His father leaned forward. “We’re worried about you, son.”
“You don’t have to be, Dad,” he said tightly. “I’m fine.
I have to go or I’ll be late for the parade. Love you both. Bye.”
He clicked his mouse and killed the connection.
“RALSTON!”
Tara’s radio crackled with the not-so-dulcet tones of Mitch Hagen’s gravelly voice. It was the Fourth of July, and the family fun day was in full swing. She’d been up before dawn putting the roadblocks in place for the fun run and the parade, and now both were over.
As she pulled her radio close to her mouth, the boom-boom-boom of the marching band was deafening. “Reading you loud and clear, Sheriff.”

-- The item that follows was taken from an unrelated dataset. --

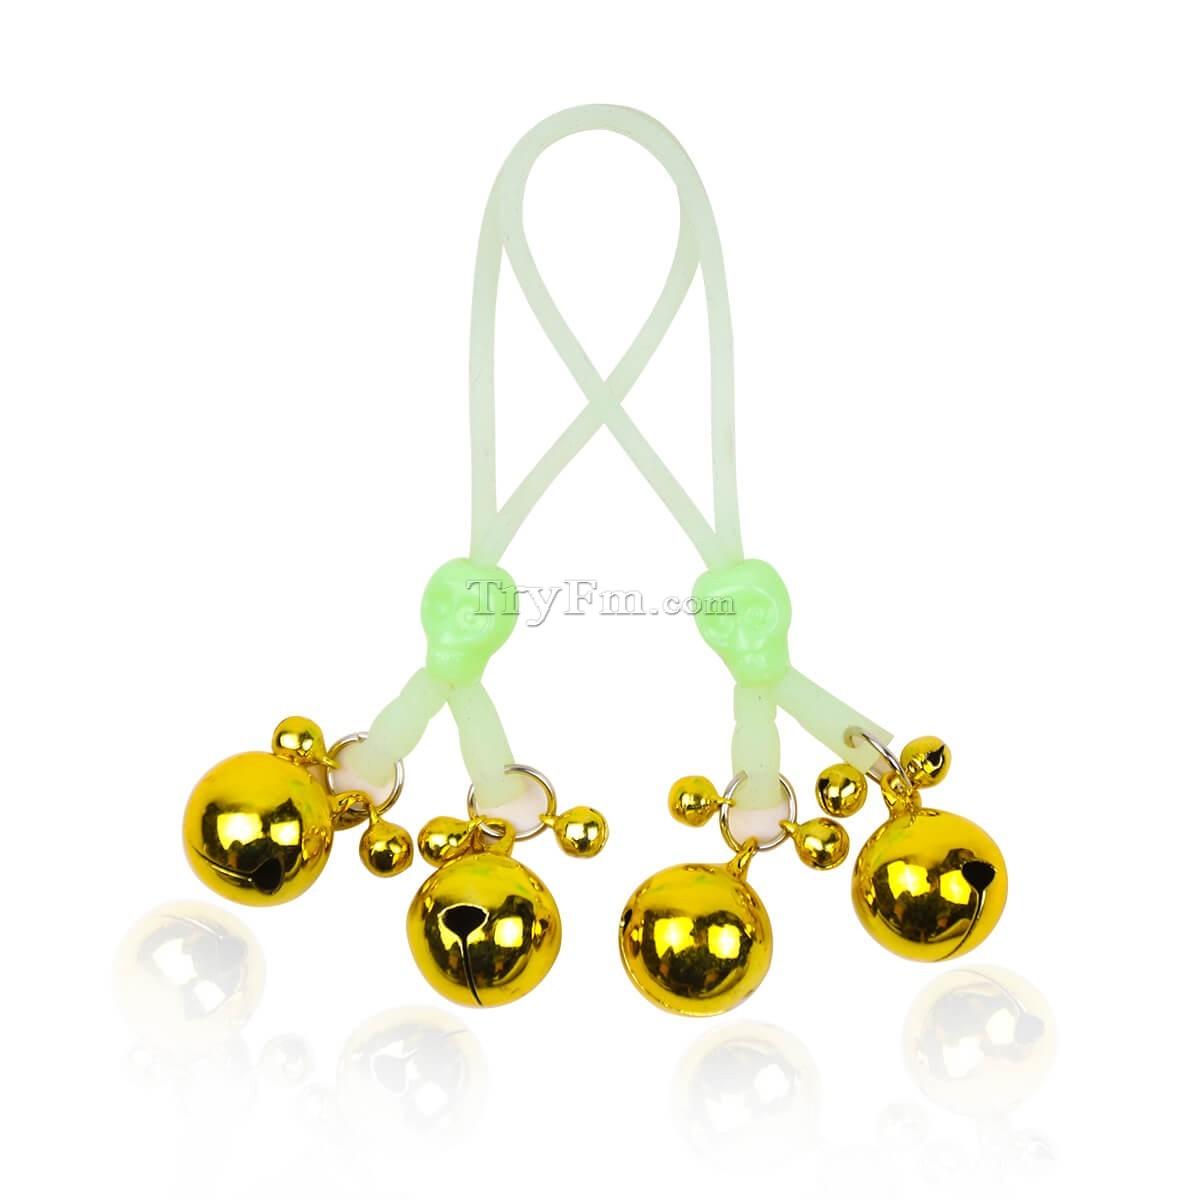 8-Bell-pasties-with-night-glow-ties9.jpg

“You done dismantling the roadblocks?”
“Yes. I’ve just arrived at the park and I’m doing a foot patrol.”
“I need you at the police tent with the police vehicle at noon for the Breaking Good show.”
“The what?” she asked with a sigh. She’d thought it was too good to be true that her boss would just let her do traffic and crowd control.

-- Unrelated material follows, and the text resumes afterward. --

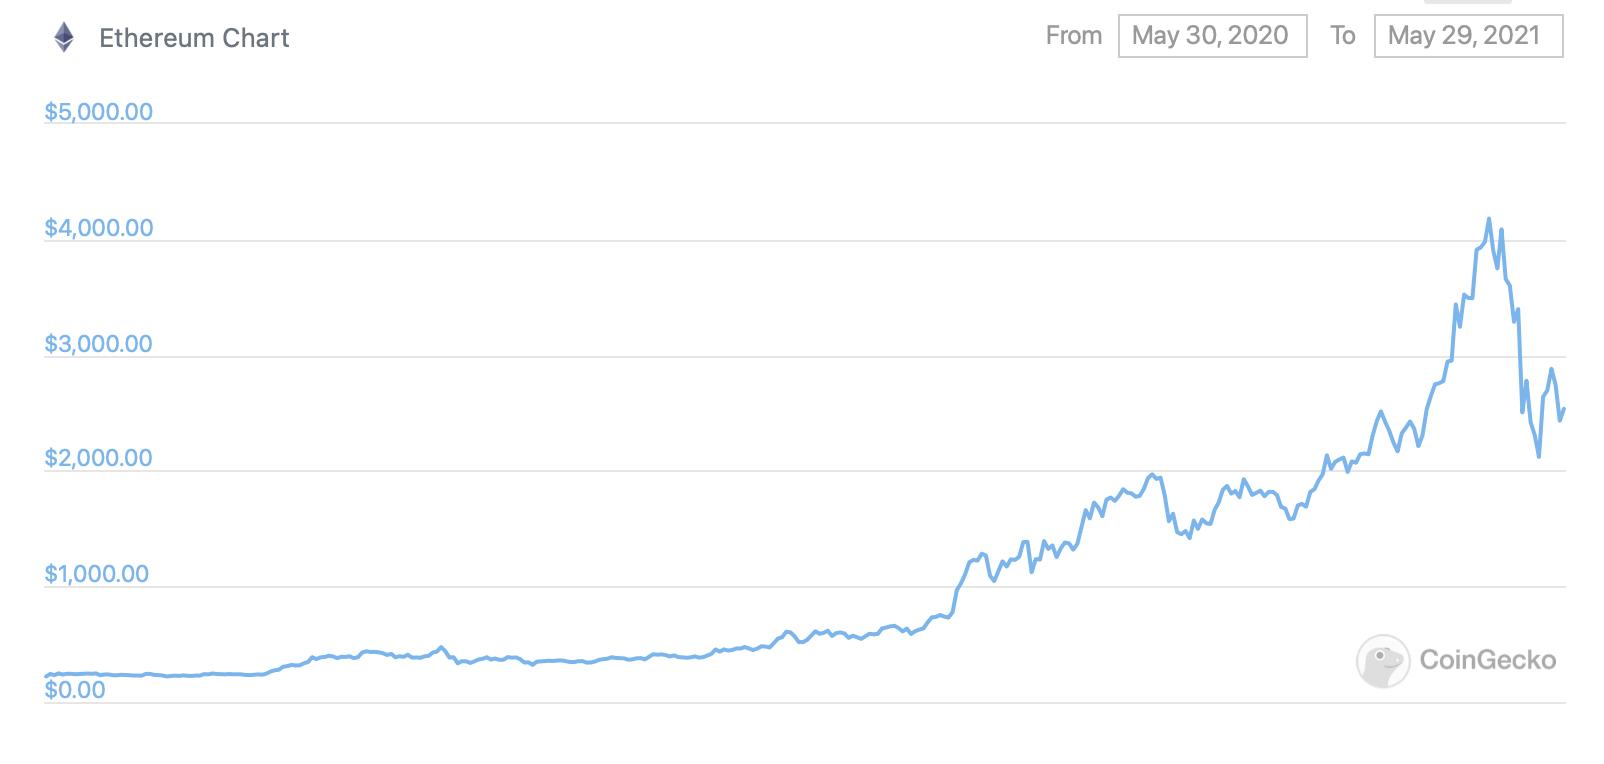 график эфириум курс

“It’s a first responder event. Kids get to see a police vehicle, ambulance, the medical evacuation chopper and get their photo taken with us. Make sure you’ve got your hat. Kids love putting on the hat.”
“Next you’ll be telling me there’s coloring books and stickers.”
“You got it,” Mitch said, missing her sarcasm. “We’ve got a bunch of CSI for Kids booklets to give out. Don’t be late.”
“I’ll be there.”
“Oh, and, Ralston, nice job on the bacon offenders.”
She smiled at the unexpected praise. The fun run first thing this morning had been uneventful out on the road but not so at the free breakfast. A minor altercation had broken out between two hungry runners and one last remaining piece of bacon.
“You want bacon?” she’d said, separating the two men who were old enough to know better. “Then you’ll get bacon.”
She’d instructed them to get into the backseat of her patrol car and had driven them to McDonalds, which was on the outskirts of town. She’d dumped them there without their phones or wallets, leaving them with plenty of time to think about their behavior on the one-mile walk back into town.